In earlier versions of Snakemake, you can “escape” the {
by using {{
.
The expand()
function will fill in other wildcards, and the {{ }}
will
become { }
in the resulting list. For example:
states=["Colorado", "Texas", Maryland"]
expand("{state}_{{n}}.txt", state=states)
# returns:
["Colorado_{n}.txt", "Texas_{n}.txt", Maryland_{n}.txt"]

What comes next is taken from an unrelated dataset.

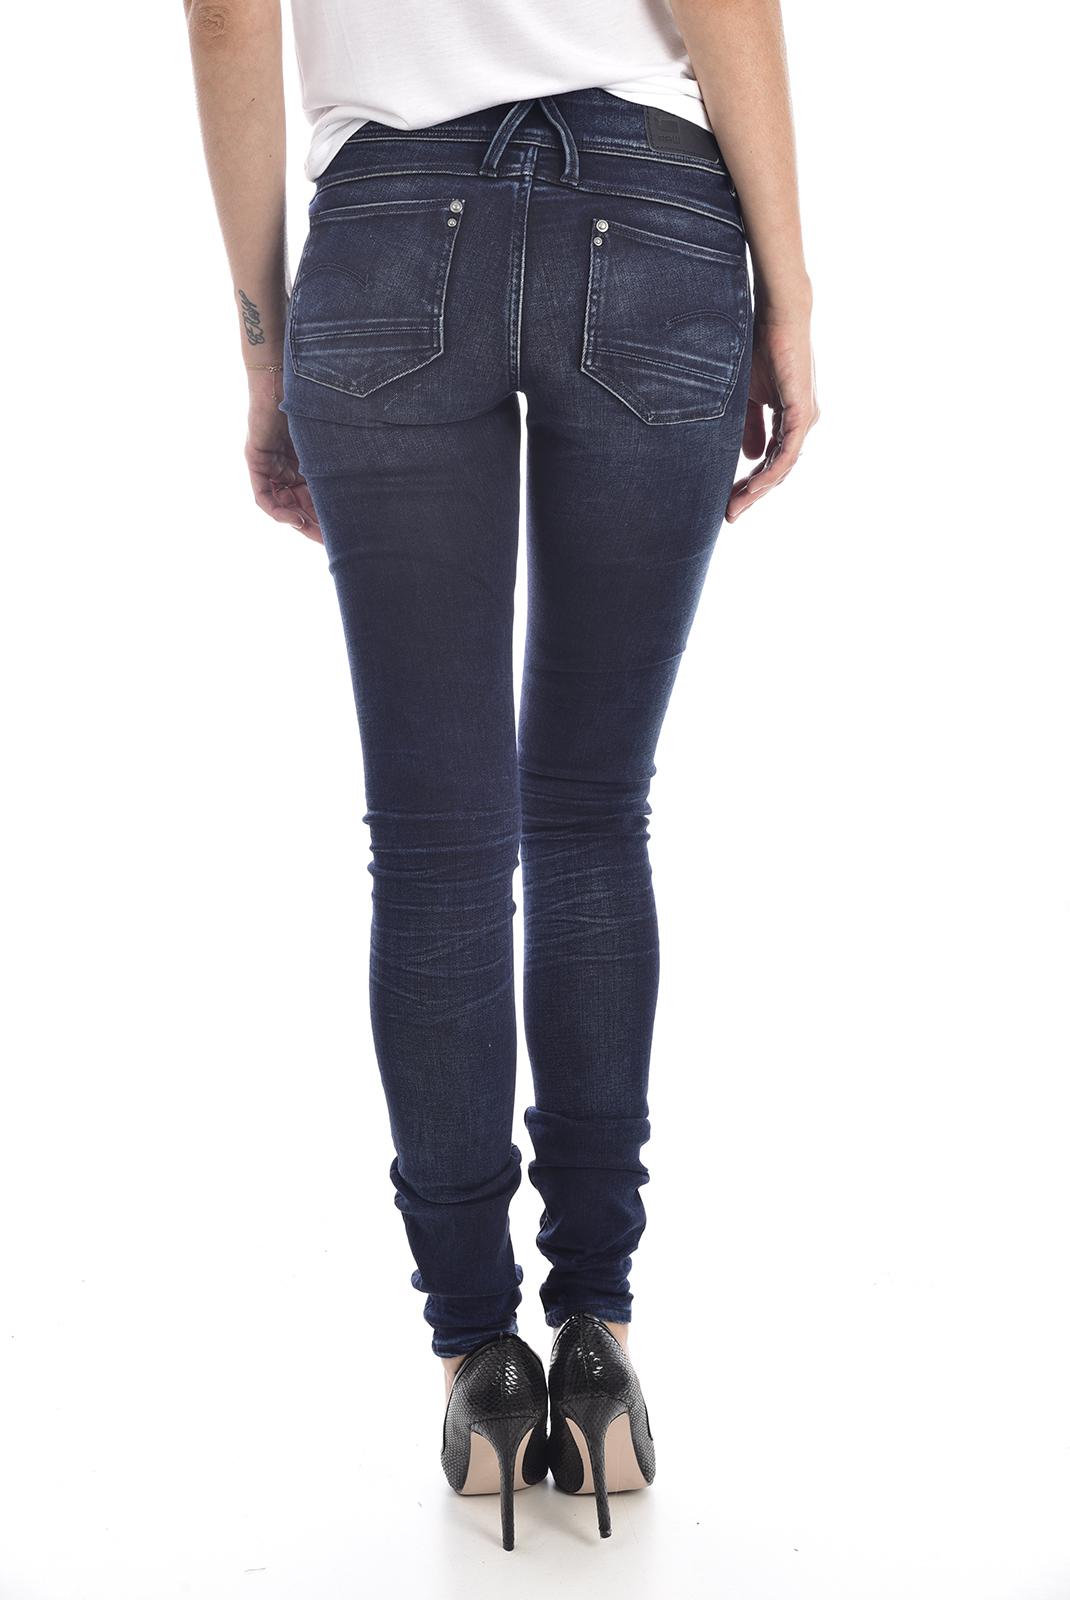 Jeans   G-star 60887-6549-89 lynn zip bleu

In later versions of Snakemake, you can use the allow_missing=True
argument when calling expand()
See also
Snakemake docs FAQ on not expanding every wildcard
Snakemake docs section on expand()
Source code for expand() in a recent version (look in the snakemake/io.py file in any version)
Wildcard constraints¶
Another way to help control the wildcard is to use a wildcard_constraint
.
This can be added at the top of your Snakefile (acting as a global variable) or
within your individual rules (local variable). A wildcard constraint can help
minimize all the possible combinations that are filled in. For example in
{state}_{number}.txt
you may want to specify that {state}
may only be
filled in with the following names: “Colorado”, “Texas”, or “Maryland” and
{number}
with “1”, “2”, “3”. Why? Because maybe you have a list that pulls
all the possible combinations so you don’t want something called
“1_Colorado.txt” or “2_3.txt” (total of 18 possible unique filename
combinations), you want something like “Colorado_1.txt”, “Colorado_2.txt”,
“Colorado_3.txt”, “Texas_1.txt”, “Texas_2.txt”, etc (total of 9 possible unique
filename combinations). Constraints are specified using regular expressions, so
it may look like this:
wildcard_constraints:
state="Colorado|Texas|Maryland",
number="1|2|3"
See also
wildcards section of the Snakemake docs has some more info
Pythex, a great website for interactively building/debugging regular expressions
Conda envs and run:
blocks¶
You may find it useful to use conda:
directives in rules so that the rule
runs in its own environment. Keep in mind though that you can’t use this
mechanism if you have a run:
block. A run
block doesn’t work with
a separate conda environment because the Python code is sort of interleaved
within the Snakefile, and there’s no way to activate a conda environment from
within a running Python instance and somehow swap over all running code from
memory into the new environment. shell
, wrapper
, and script
are all
fine to use with the conda:
directive, so the solution is typically to
refactor the code into a script or wrapper.
See also
This is also discussed in this Snakemake FAQ.